When you sold, I sold. Made about 15% profit. Though none of what you say is actual financial advice, I thank you anyway
Yes.......I dont give financial advice. GLAD you got out in a timely manor and made some nice money in the process. TERRIBLE markets today. BUT......that is part of being a long term investor. You ENJOY the good times and ride out the bad days. MY account today.......ALL RED.....except for NIKE. My single green holding. THE SP500 kicked my butt by a WHOPPING 1.6%. Understandable with my concentrated portfolio. I talk about MUCH day to day stuff......but.......really not relevant to long term investing. As a long term investor I KNOW there will be times......perhaps even as long as a year or two or three......when I have to just SIT through corrections and BEAR MARKETS. That is just part of the process and REALITY. NOT a bad thing because......to capture the BIG GAINS......you have to be invested and NOT trying to GUESS when to get in and out of the markets. ONE wrong guess and you can DAMAGE your long term performance by a HEFTY amount over the long term. OFTEN.......is is during a BEAR MARKET....that the big gains are teed up. If your stocks and funds pay dividends and capital gains you are.......of course.....reinvesting those dividends and capital gains at bargain prices. This is a BIG DRIVER of compounding and gains when the markets INEVITABLY recover. I STRONGLY believe and follow this little bit of data: "From 1930–2019, dividend income's contribution to the total return of the S&P 500 Index averaged 42%." Personally......I do NOT consider these little drops.....such as now......as corrections. I just have an issue with calling some little week or two event a correction or a bear market. I TYPICALLY use the standard definitions of a correction being a drop of 10% or more and a bear market being a drop of 20% or more......BUT......for me personally....it needs to last more than just a few days or a few weeks. NOT that it matters what you call it.
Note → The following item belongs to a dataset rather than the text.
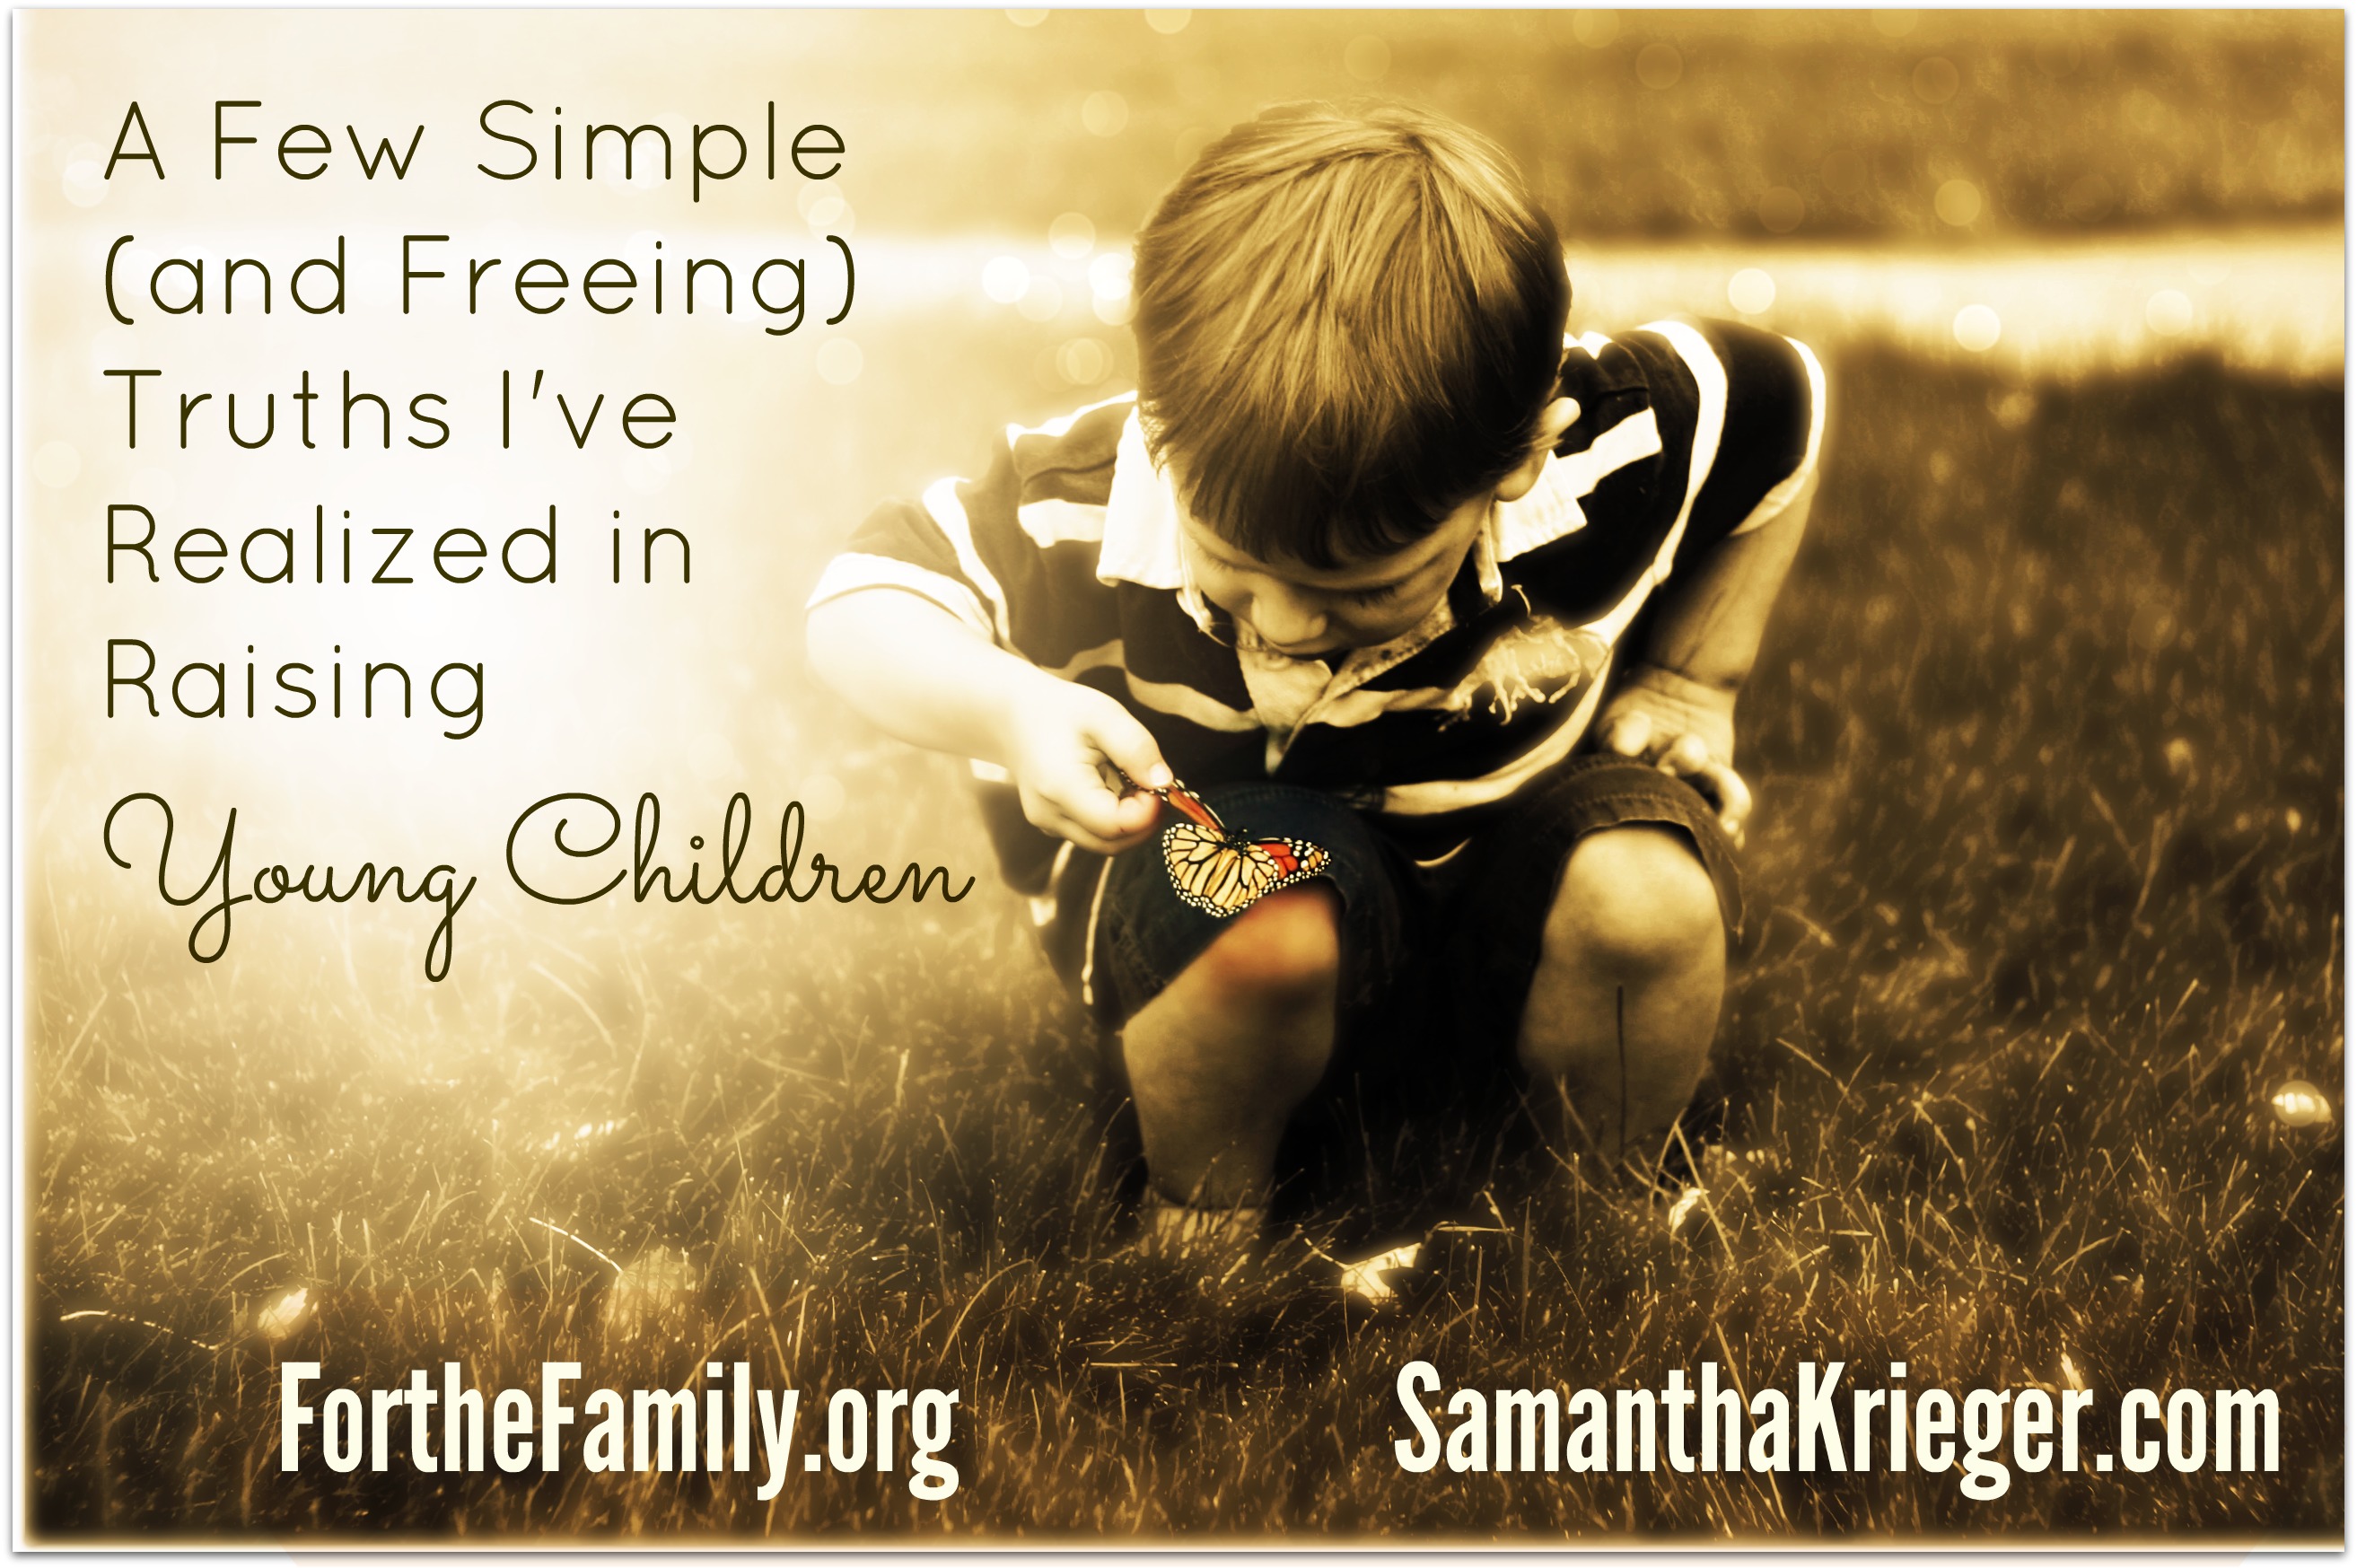 A Few Simple (and Freeing) Truths I’ve Realized in Raising Young Children

Happy days - super sale days are here!! As expected my tech positions are down today but I’m overall still VERY pleased with ALL my tech positions and... surprise surprise.. my DIS has FINALLY made it through the pandemic losses. Woo hoo! So now it’s just a matter of time for me to see how low this goes... another 5%... 10%?... 15%??? I’ll just wait till Friday and decide if I add another instalment to my positions.... As far as tsla is concerned.. well I couldn’t wait and added a few more shares today... I’m gonna go heavy on it every week now until i sense a bottom. I love tsla and made 800% profit on my initial investment so that’s good enough for me... Enjoy and let’s all make... no... invest money!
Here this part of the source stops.